Bob Carpenter (born March 4, 1953) is an American sportscaster and current television play-by-play announcer for Major League Baseball's Washington Nationals on MASN. He was born in St. Louis, Missouri, and graduated from William Cullen McBride High School. Carpenter attended the University of Missouri-St. Louis, and later graduated with honors from the University of Missouri-Kansas City with a bachelor's degree in Radio-TV-Film.

Biography
Carpenter has been the Washington Nationals TV broadcaster since 2006.

Carpenter served two stints calling television broadcasts for the St. Louis Cardinals, and also spent 16 seasons as a baseball announcer with ESPN, 18 seasons overall with the network, also covering soccer, college baseball, basketball and football and minor league baseball in addition to the major leagues. He also served as a team broadcaster for the New York Mets, Minnesota Twins and Texas Rangers.

From 1978 until 1984, Carpenter called soccer games for the Tulsa Roughnecks of the North American Soccer League and the St. Louis Steamers of the Major Indoor Soccer League.  He announced 2 World Cups for ESPN; 1982 with Bob Ley and 1994 (10 games) with Seamus Malin and Clive Charles.

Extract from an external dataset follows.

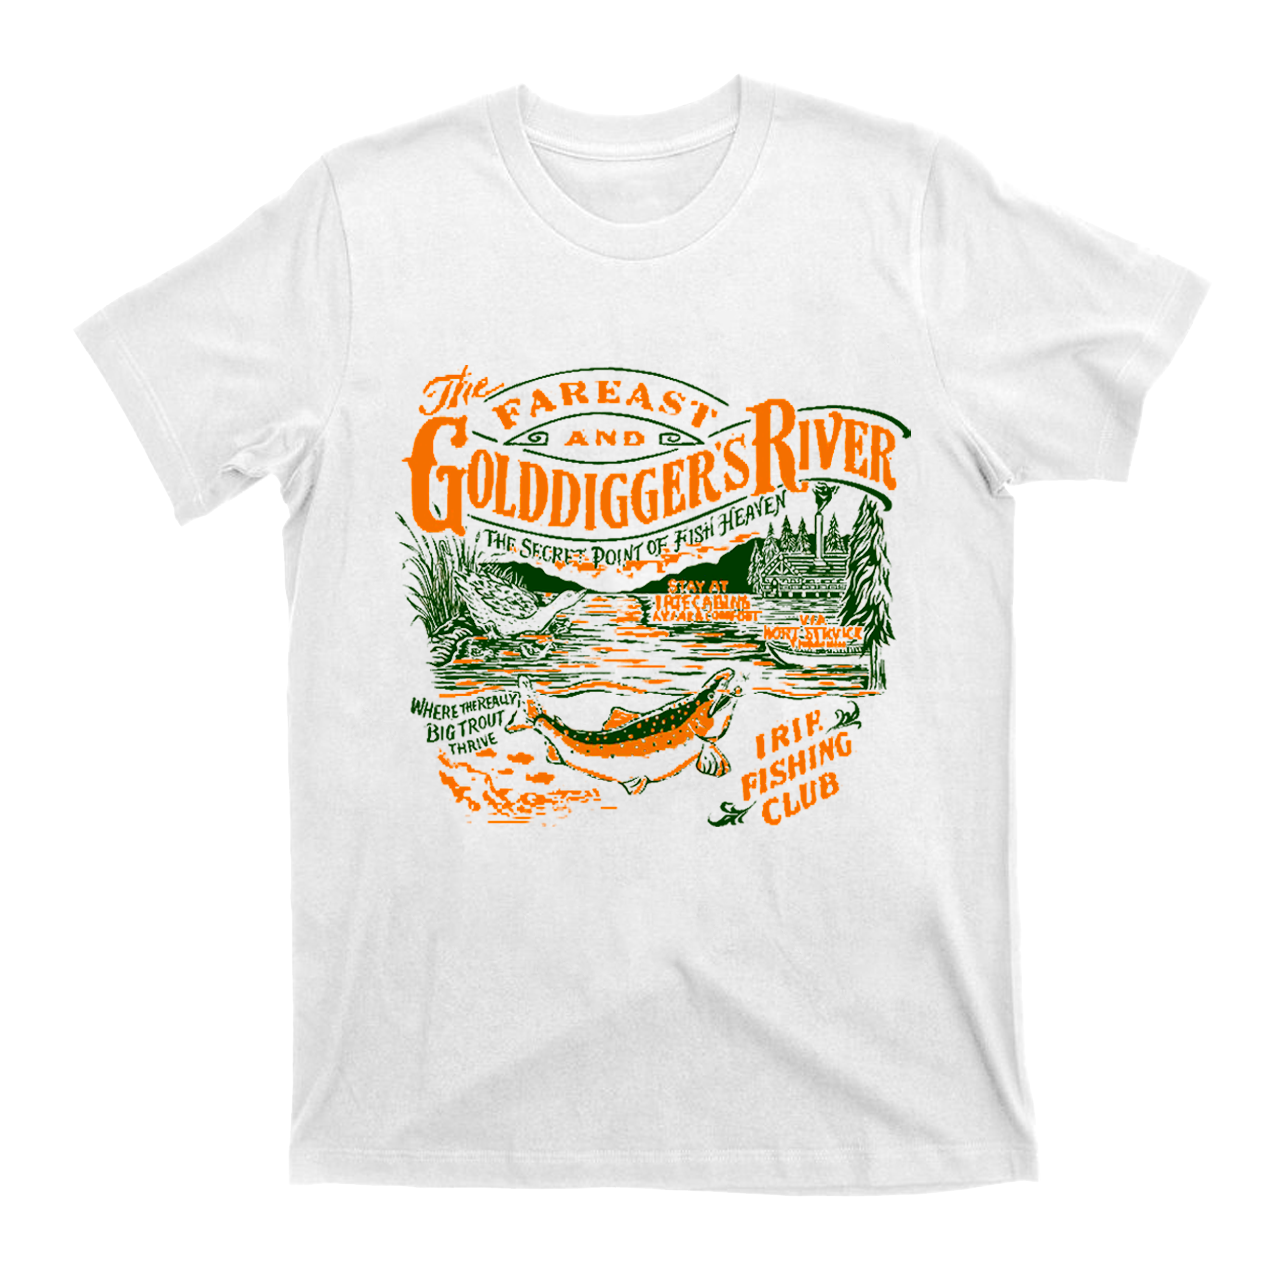 Gold Digger's River T-Shirts

In his first major league season, 1984, Carpenter developed his own baseball scorebook.  He started marketing it in 1995, and "Bob Carpenter's Scorebook" is now used by many college, major and minor league announcers.  It is the most widely used scorebook in the nation by fans and broadcasters.

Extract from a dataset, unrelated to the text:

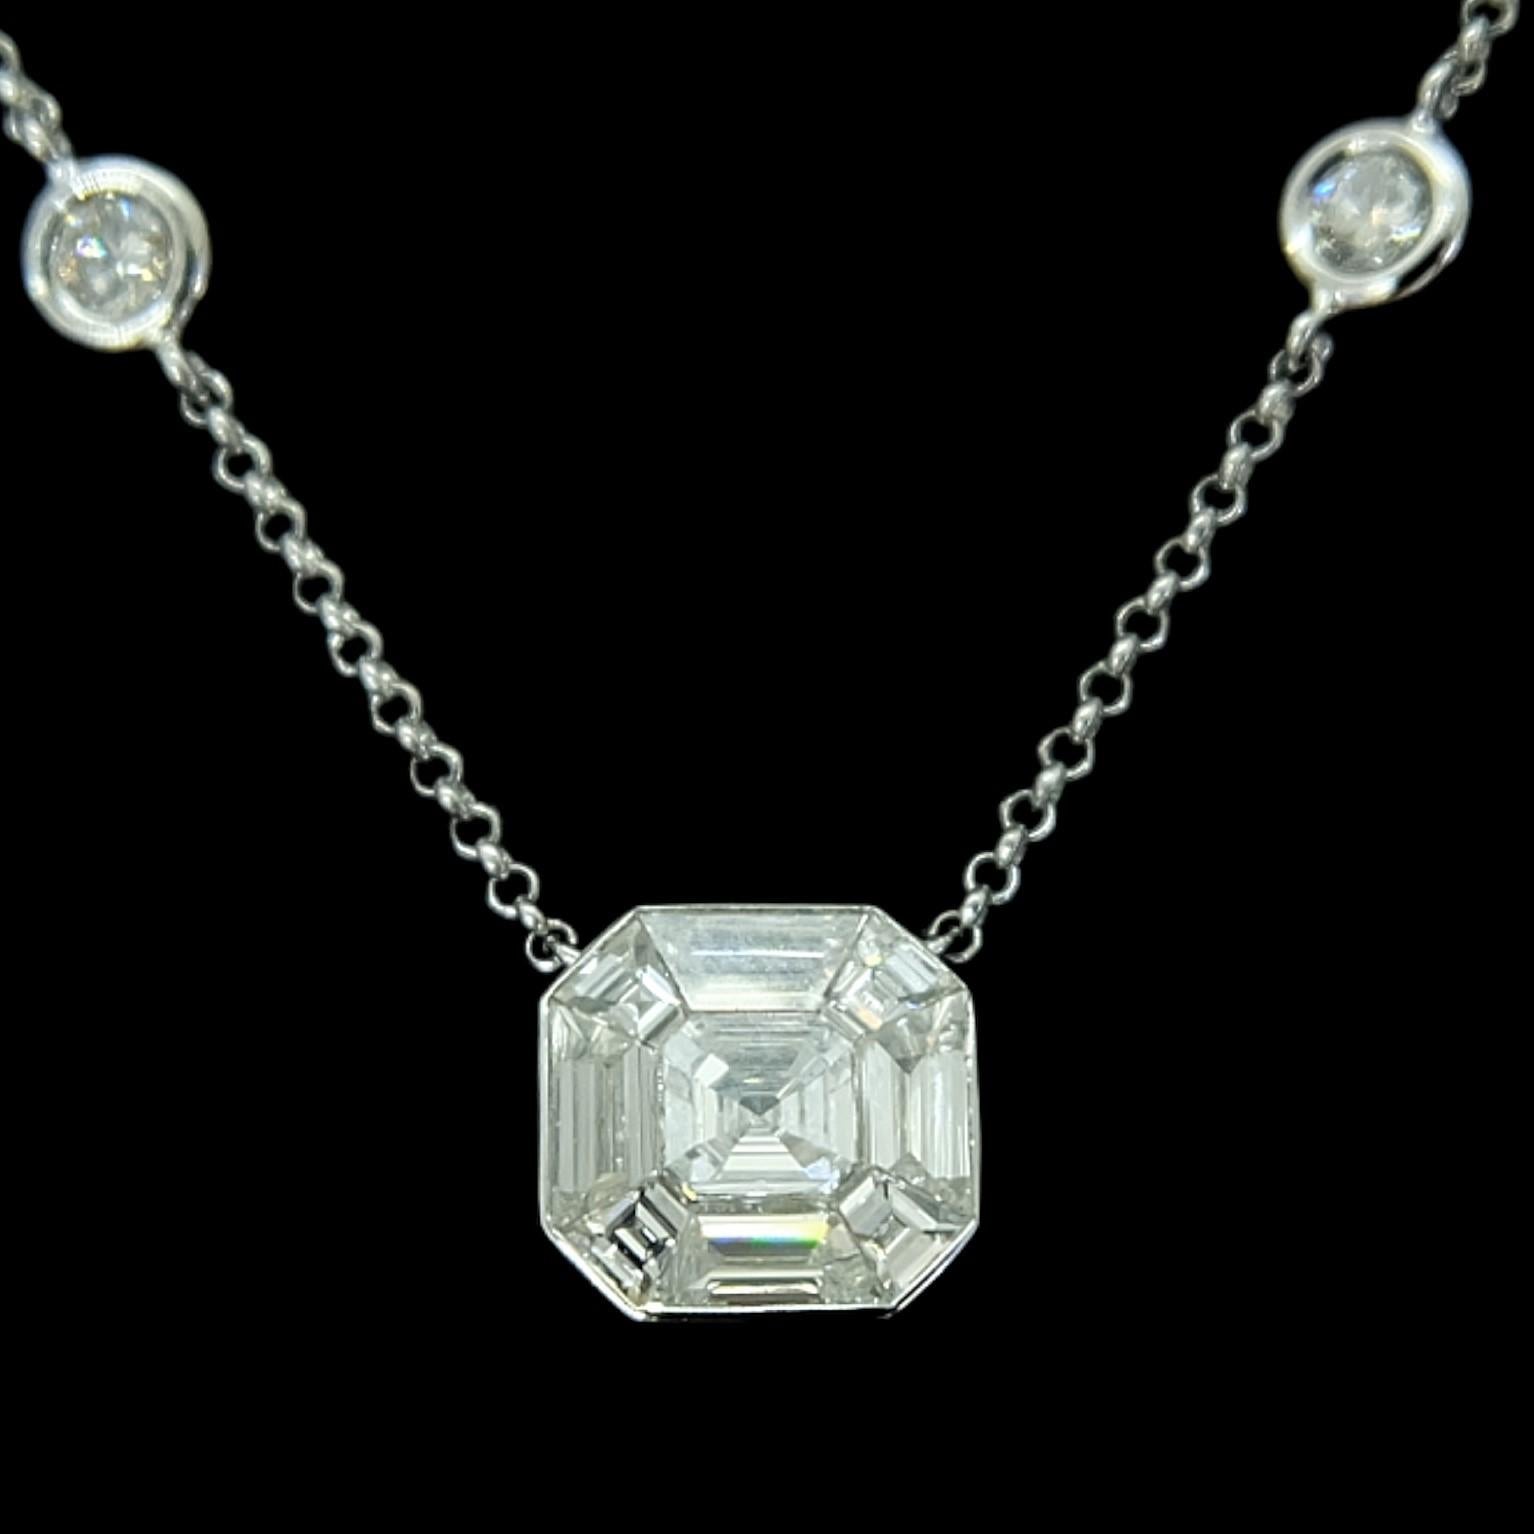 Collier en platine Sophia D. composé d'un pendentif en diamant taille coussin de 0,92 carat et de 6 diamants ronds d'un poids total de 0,56 carat. La longueur du collier est de 9

He also called NCAA Basketball on CBS as well as college football and basketball games for USA Sports and Major League Baseball for NBC. In addition to baseball and college sports, Carpenter called tennis (1995 U.S. Open) and golf (Masters 1986–1988) for USA Network.  Carpenter called 6 NCAA basketball tournaments for ESPN and CBS, plus the 2005 Final Four in St. Louis for NCAA International.

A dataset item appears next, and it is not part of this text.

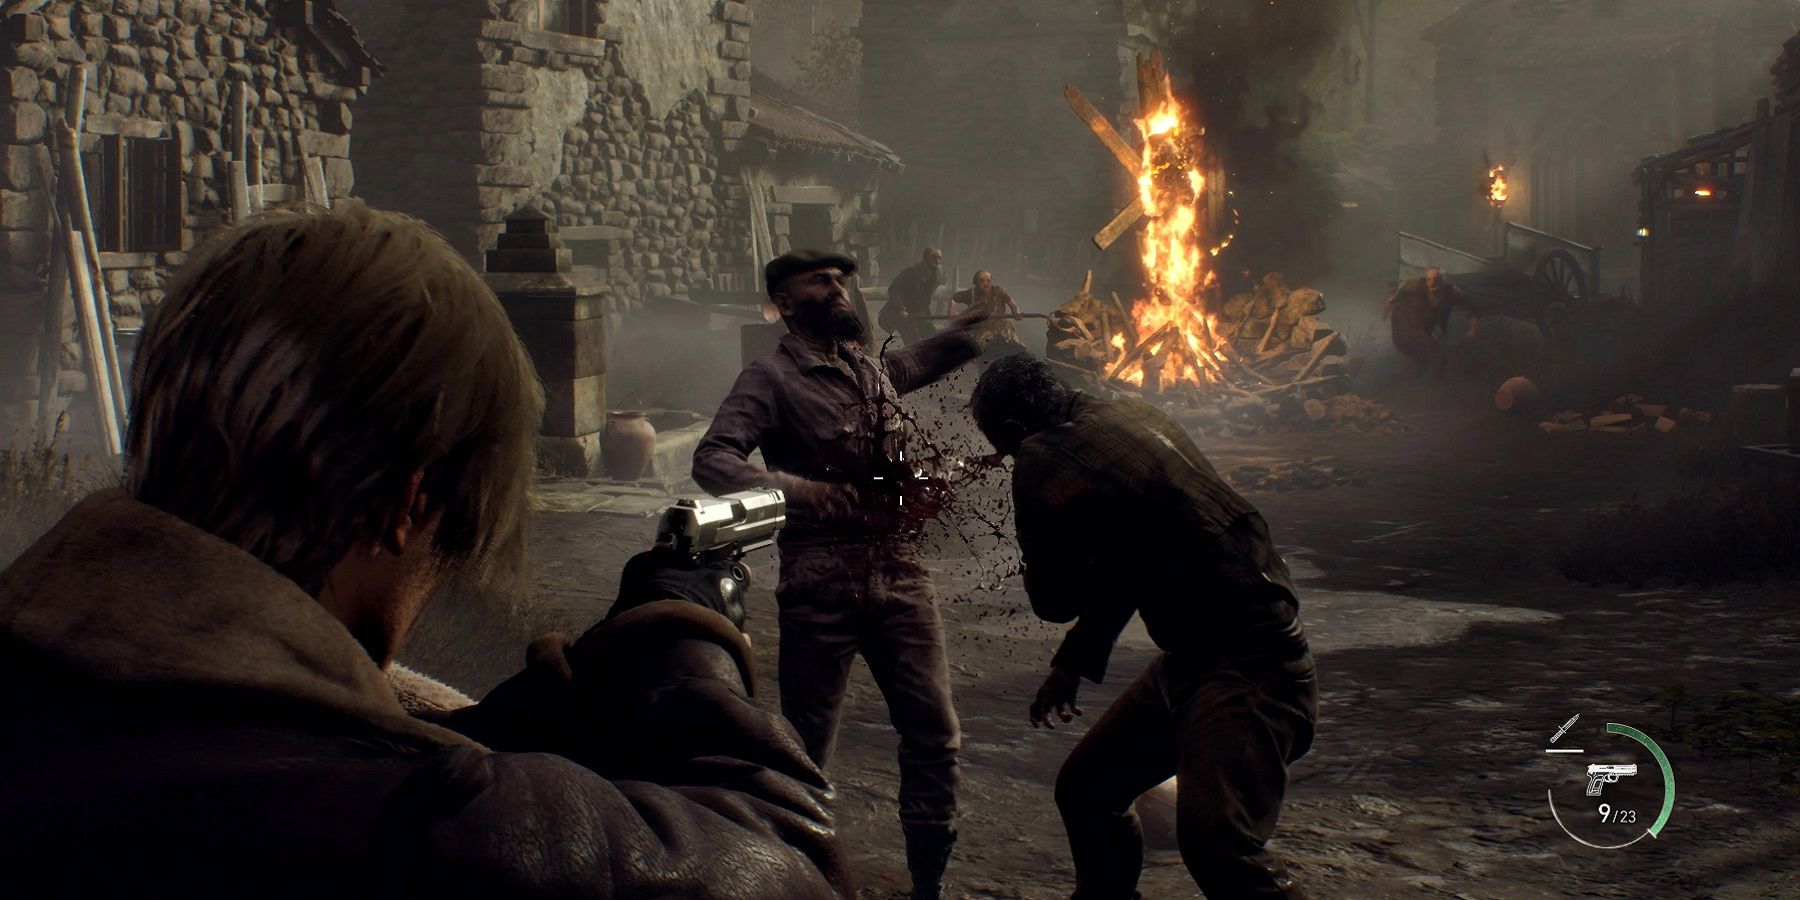 Imagem do remake de Resident Evil 4 mostrando Leon Kennedy atirando em alguns Ganados durante a seção da vila.

Carpenter is a two-time St. Louis-area Emmy Award winner for his coverage of the Cardinals, and has been nominated for 6 Emmys overall; 1 in New York (Mets '92, Outstanding Sports Coverage ), 4 in St. Louis and 1 in the Washington/Baltimore region (Nationals '08, Sports Play-by-Play ).  Carpenter was named the 2014 Washington, DC Sportscaster of the Year (along with Washington Capitals TV voice Joe Beninati) by the National Sportswriters and Sportscasters Association.  He has called 6 no-hitters:  Montreal's David Palmer in 1984, a rain-shortened 5-inning perfect game at St. Louis; Cardinals rookie Jose Jimenez at Arizona in 1999 and rookie Bud Smith at San Diego in 2001 (the 2 most recent St. Louis no-hitters), Washington's Jordan Zimmermann versus Miami at Nationals Park on the last day of the 2014 season, Washington's Max Scherzer over Pittsburgh at Nationals Park on June 20, 2015, and Scherzer's second 2015 no-hitter at New York versus the Mets October 3.  With ESPN, St. Louis and Washington, Carpenter has called numerous division clinchers, and announced the 1996 NLCS for St. Louis on KMOX Radio.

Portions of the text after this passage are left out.